This review may contain spoilers. I can handle the truth.
Review by Cineanalyst Pro
This review may contain spoilers.
Cineanalyst’s review published on Letterboxd:
Take that Griffith
(originally posted on IMDb 19 August 2004)
I might spoil a few of the gags for anyone who's reading this before having seen the film, so WARNING: Spoilers herein.
Mack Sennett received his apprenticeship under D.W. Griffith when they both worked at Biograph. "Barney Oldfield's Race for a Life", "The Bangville Police" and surely many other Keystone shorts spoof D.W. Griffith's last-minute rescue flicks; this film is particularly a parody of "The Girl and Her Trust" (1912). I've read that Hank Mann, who was the chief Kop for a time, conceived the Keystone Kops, the company's greatest legacy. Mann likely did so after watching French chase comedies, which often featured odd-looking policemen foolishly chasing, amongst other foolish chasers, after some fool. Additionally, mal-driven automobiles, often disobeying physics, were a popular theme in French comedies, as far back as those by Georges Méliès, as well as by Briton Robert W. Paul and others. Trick-shots, fast-motion and such were also mainstays of slapstick by the time Mack Sennett founded Keystone.
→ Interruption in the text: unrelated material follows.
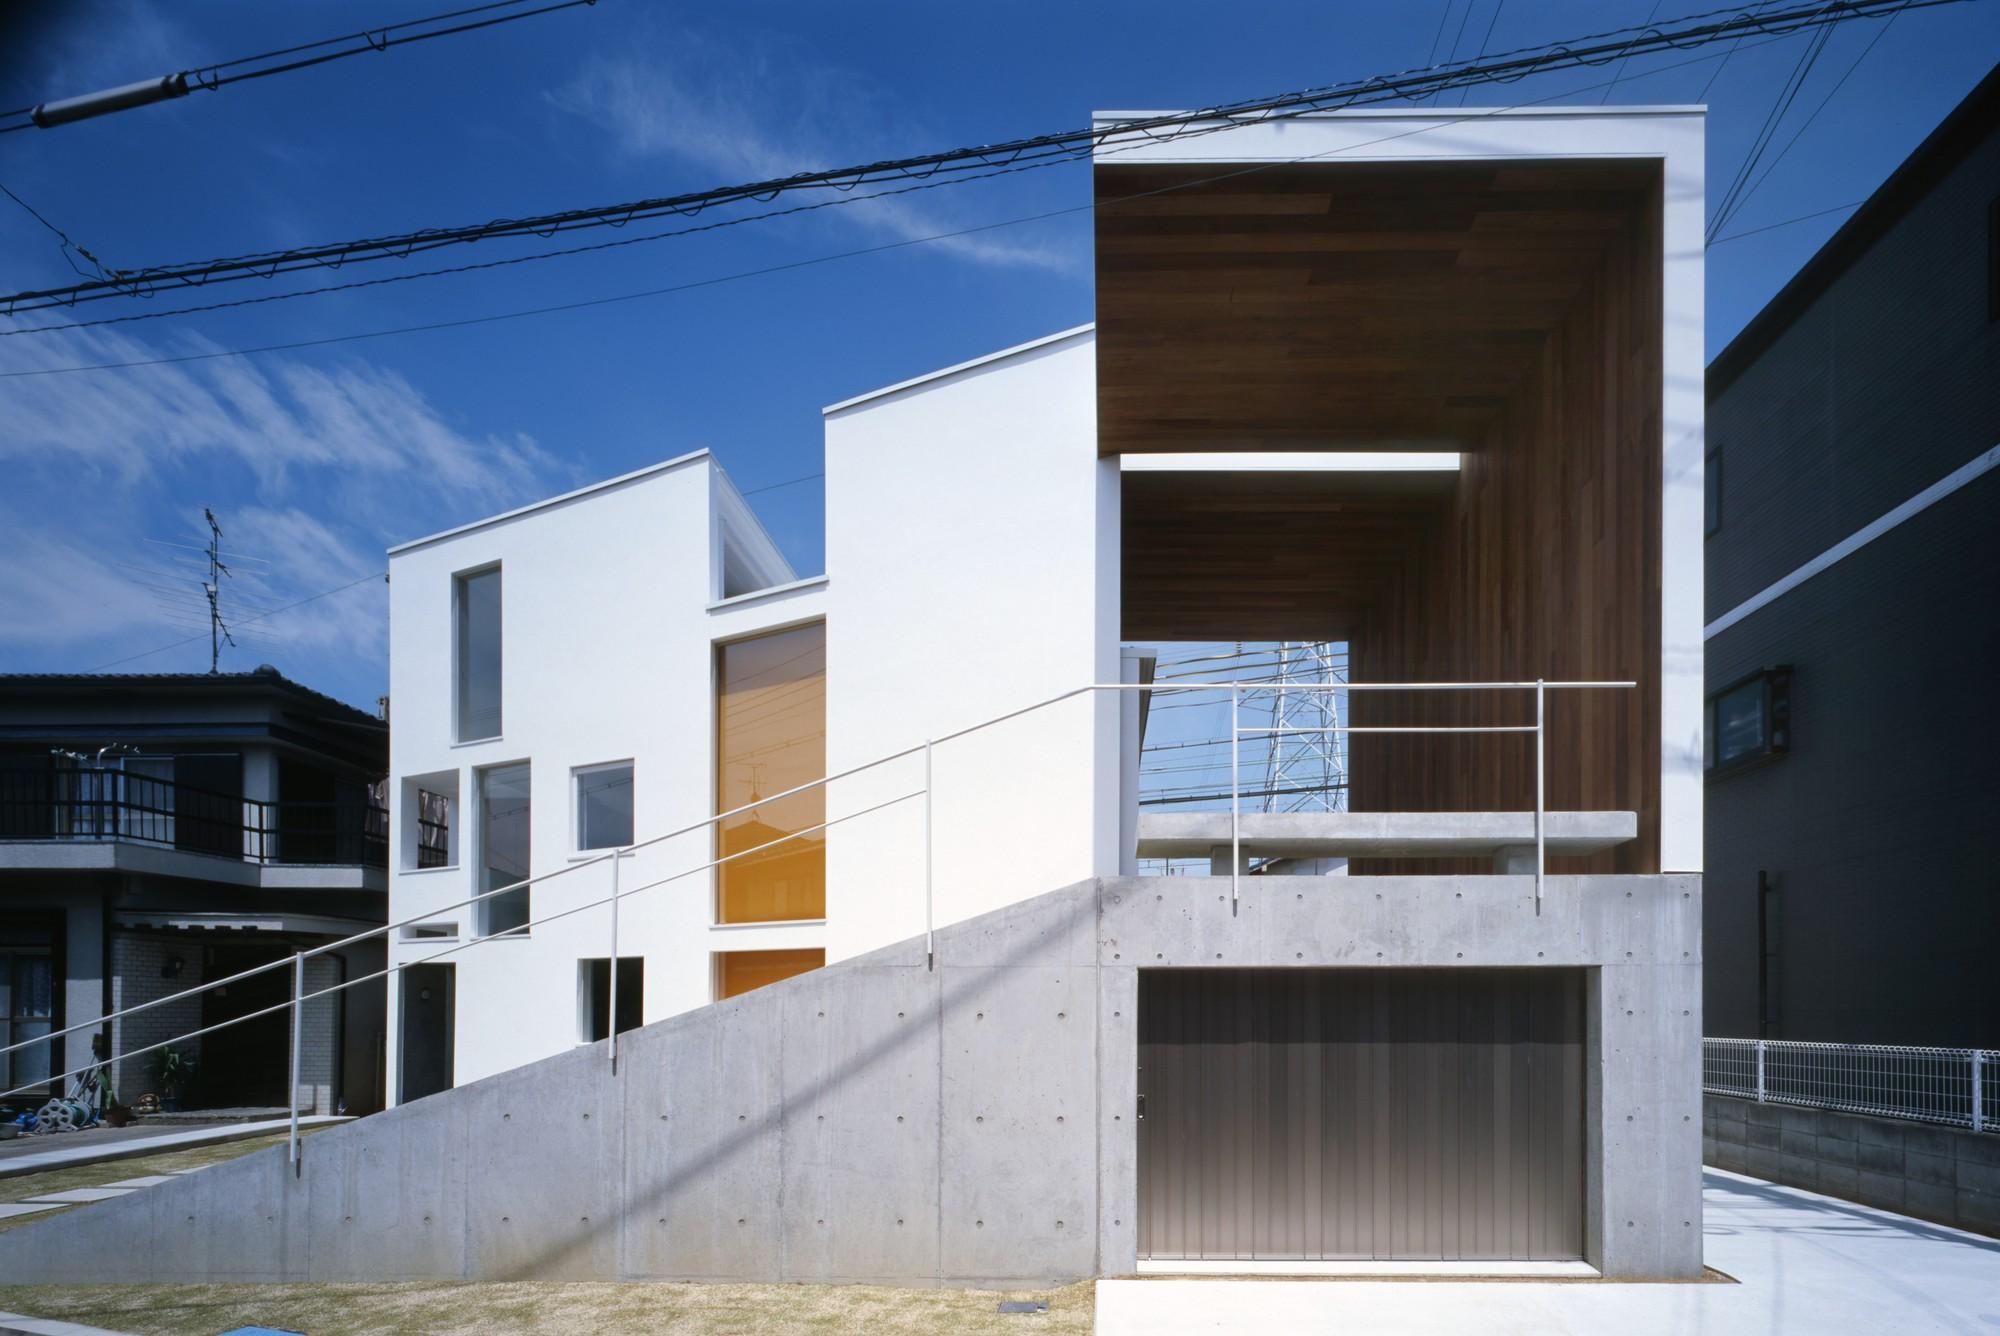 I-Mango / Takuro Yamamoto Architects, Courtesy of Takuro Yamamoto Architects
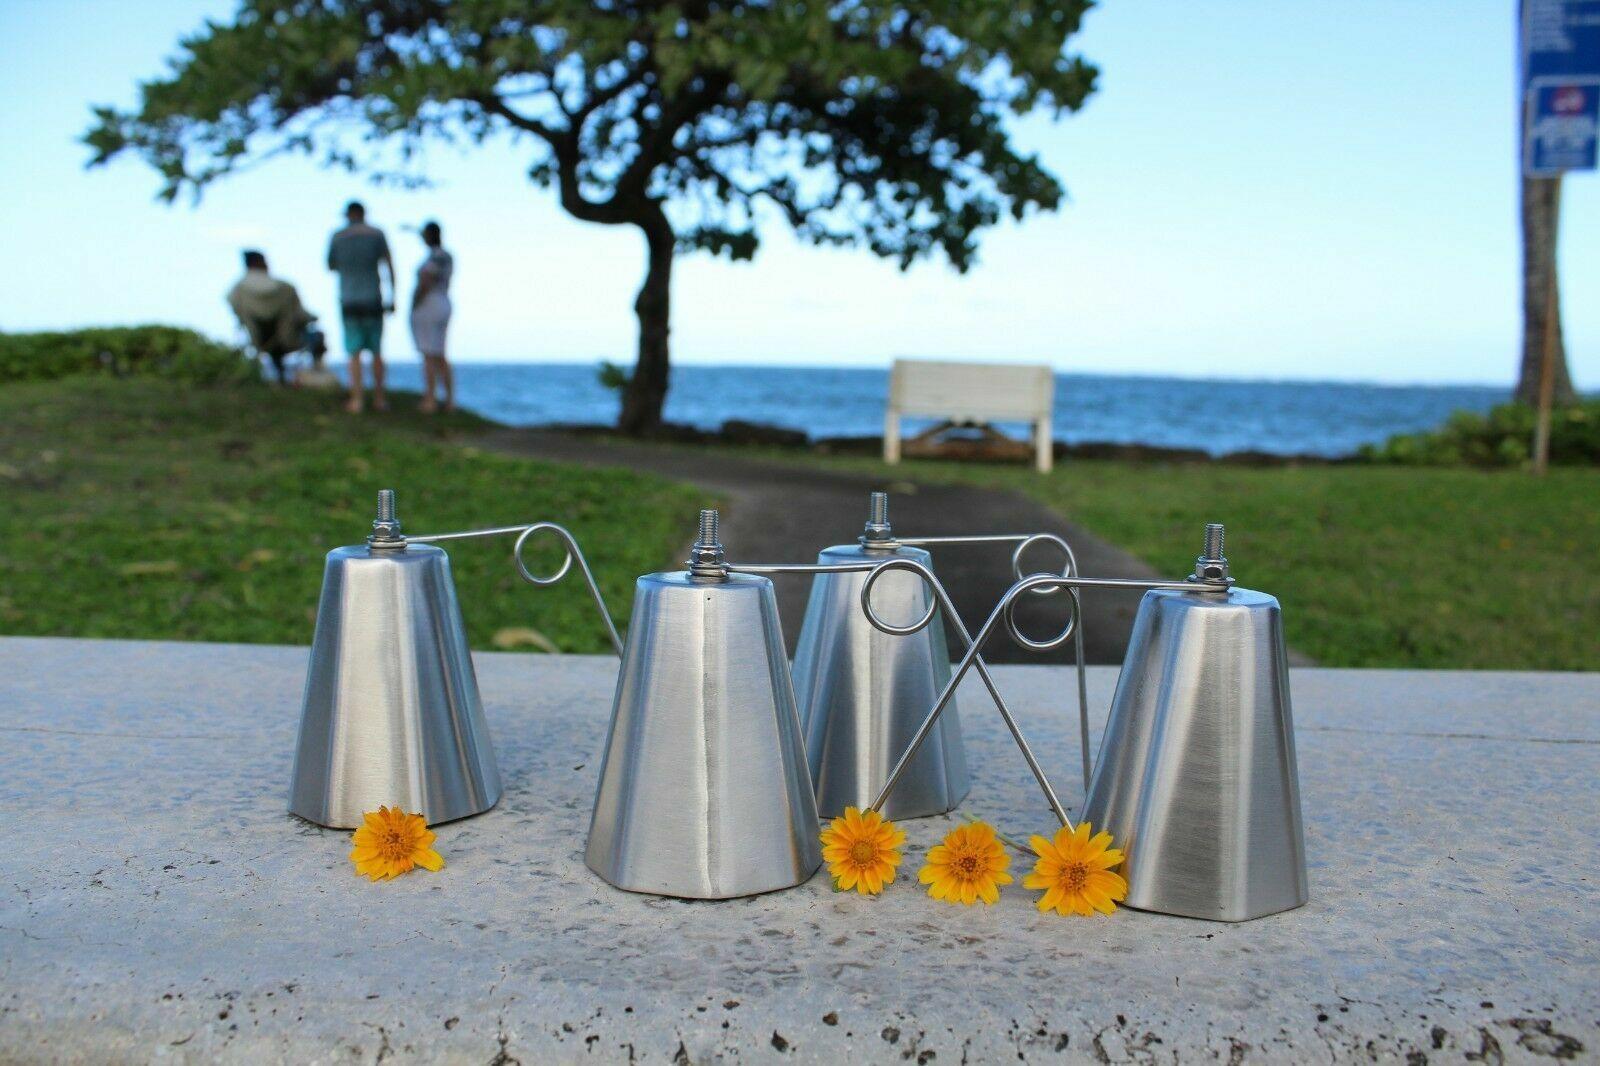 5 campanas Ulua Octagon, Pesca  Campanas, Acero Inoxidable, 0.035 pulgadas  nuevo estilo

Apparently, "Hoffmeyer's Legacy" (1912) was the first appearance of the Keystone Kops, but "The Bangville Police" of the following year is said to have popularized the inept gang of policemen. The Keystone Kops appear in this film, but without model-Ts. I appreciate that Keystone heightened the anarchy and disrespect for authority and materialism prominent in farce, and the vast influence it has had on subsequent films. Nevertheless, the outstanding contribution that Sennett and Keystone made to comedy wasn't that their films disobeyed physical laws and rationality of our world (that was nothing new); it was that they disobeyed the laws of the world within film. Sennett is able to reproduce the suspense of a Griffith film, even add to it (the double exposure effect, or matte shot, for a last-second rescue), but in how Sennett gets to the climax is anti-Griffith--contrary to film conventions. For example, another poster complained of a lack of causation in this film: where's the villainous rival's motivation for abducting Mabel and attempting to murder her? One might as well ask why the villain went to the trouble of trying to run her over with a train when he could have simply shot her. It's an easy answer: shooting Mabel wouldn't have been funny, shooting the Keystone Kops was.
It's the best gag in the film. After poking fun at Griffith and disobeying film conventions, here, Sennett diverted from the conventions of his own films--the Kops don't rescue anyone, and they die. Sennett was a lousy goof of an actor, though. Unfortunately, he and racecar driver Barney Oldfield, who has no sense of the camera or acting, are the rescuers in this picture. Mabel Normand, of course, knows what she's doing. Fred Sterling is a surprise, though; I knew he was as professional as anyone at the time, but, here, he has created a forcible character in a short time. As far as I know, it could be the first great creation of an outlandish villain, who schemes irrationally elaborate plots, continuously minds strutting his perfervid dastardliness, while making sure we know he's positioning and posturing for the camera. Sterling's villain here and other such Keystone characters must have been a great influence on subsequent comedies, especially cartoons, such as the Looney Tunes franchise. The props are cartoon-like, too. Where would we be if it weren't for the cliché of a woman constrained to train tracks in dire need?
This is an enriching experience if you've seen what it copies and spoofs and know what it influences. It's worth watching, while making the related unsatisfactory films worth watching, as well.